Embedded Investment(埋め込み型投資)
国内事例としては、金融機関の口座において投資一任業務を提供する株式会社FOLIOの4RAPというサービスが誕生している。当該サービスは、Enabler/License Holderがプラグイン型SaaSを提供し、Brandである金融機関が管理する口座上で、口座保有者にラップ・ロボアドサービスを提供するというものである。
Enabler/License Holderへの法規制
実際に投資一任業務を行うEnabler/License Holderは、金融商品の価値などの分析に基づく投資判断に基づいて有価証券又はデリバディブ取引に係る権利に対する投資として、ユーザーの金銭その他の財産の運用を行うもの(金商法2条8項12号ロ)であれば、投資運用業者としての登録(同法28条4項1号、29条)が求められ、最低資本金規制(同法29条の4第1項4号イ等)、体制整備義務(同法29条の4第1項1号へ)などの規制が適用される。
Brandへの法規制
上記の4RAPの例では、Brandである金融機関は、自社内の口座の顧客に対し投資一任契約の締結の代理又は媒介(同法2上記の4RAPの例ではBrandである金融機関は、自社内の口座の顧客に対し投資一任契約の締結の代理又は媒介、同法2条8項13号)をすることになる。
投資助言・代理業(同法28条3項)を行うために金商法33条の2に基づく登録をする必要が生じる。このような登録を受けた金融機関を登録金融機関といい(同法2条11項柱書)、金融商品取引業者と同様の行為規制(同法36条~40条の5)などが適用される。
なお、銀行、協同組織金融機関、その他政令で定める金融機関以外の者(第一種金融商品取引業を行う者及び登録金融機関の役員及び使用人を除く)の場合には、投資助言・代理業を取得するほか、金融商品仲介業の登録を行うことでも、投資一任契約の締結の媒介を行える(同法2条11項4号、66条)。なお、金商法66条が金融機関以外の者のみに金融商品仲介業の登録を認めているため、金融機関は金融商品仲介業ができない。
また、銀行などの金融機関以外の者に関しては、金融サービス仲介業の登録を受けた場合にも、顧客に対し高度に専門的な説明を必要とするものとして政令で定めるものを除き、投資一任契約の締結の媒介が可能となる(金融サービス法11条4項4号)。

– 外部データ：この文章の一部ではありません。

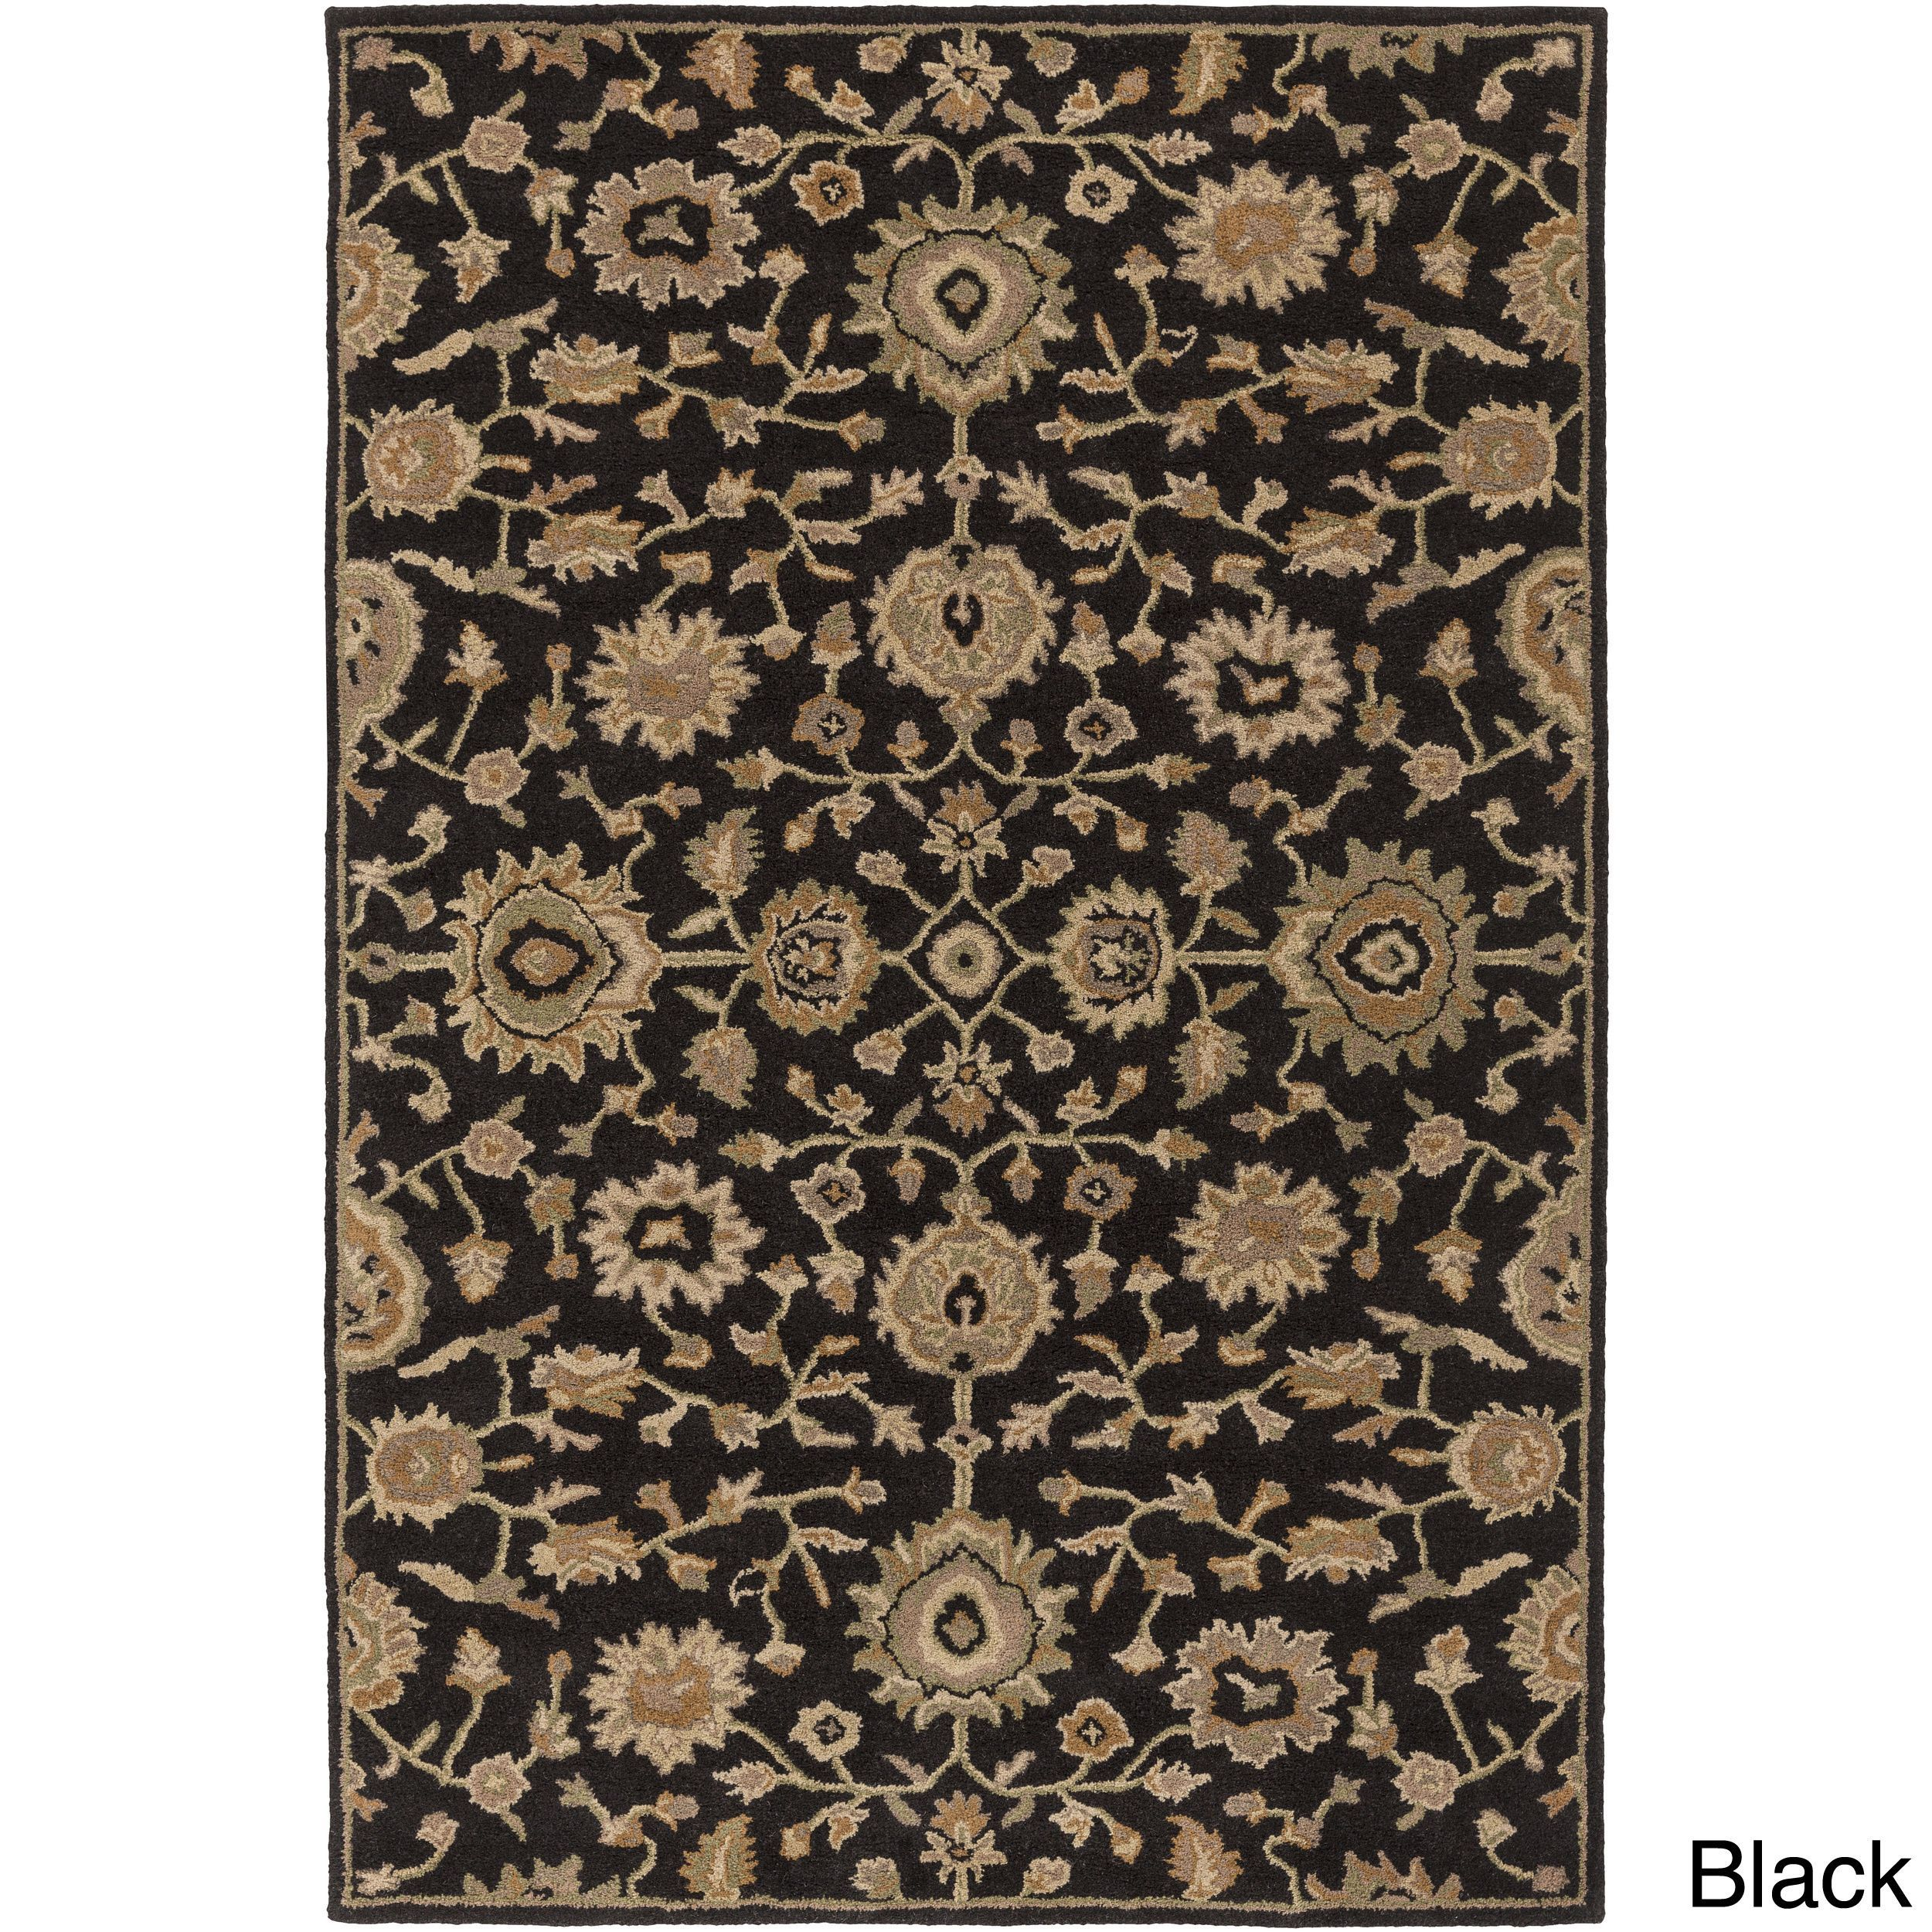 Surya Hand Tufted Calne Floral Wool Rug 7 6 X 9 6 Black 7 6 X 9

金融機関が金融サービス仲介業を行えるか否かは個別業務ごとに見る必要があり、銀行その他の政令で定められる者については金融サービス仲介業にかかる有価証券等仲介業務を行えない(金融サービス法15条6号、金融サービス法施行令22条)。
Embedded Banking(埋め込み型保険)
国内事例としては、インシュアテック企業である株式会社justInCaseがSaaS型保険システム「joinsure」により、保険の募集、保険契約管理、保険金請求システムを他社に提供している。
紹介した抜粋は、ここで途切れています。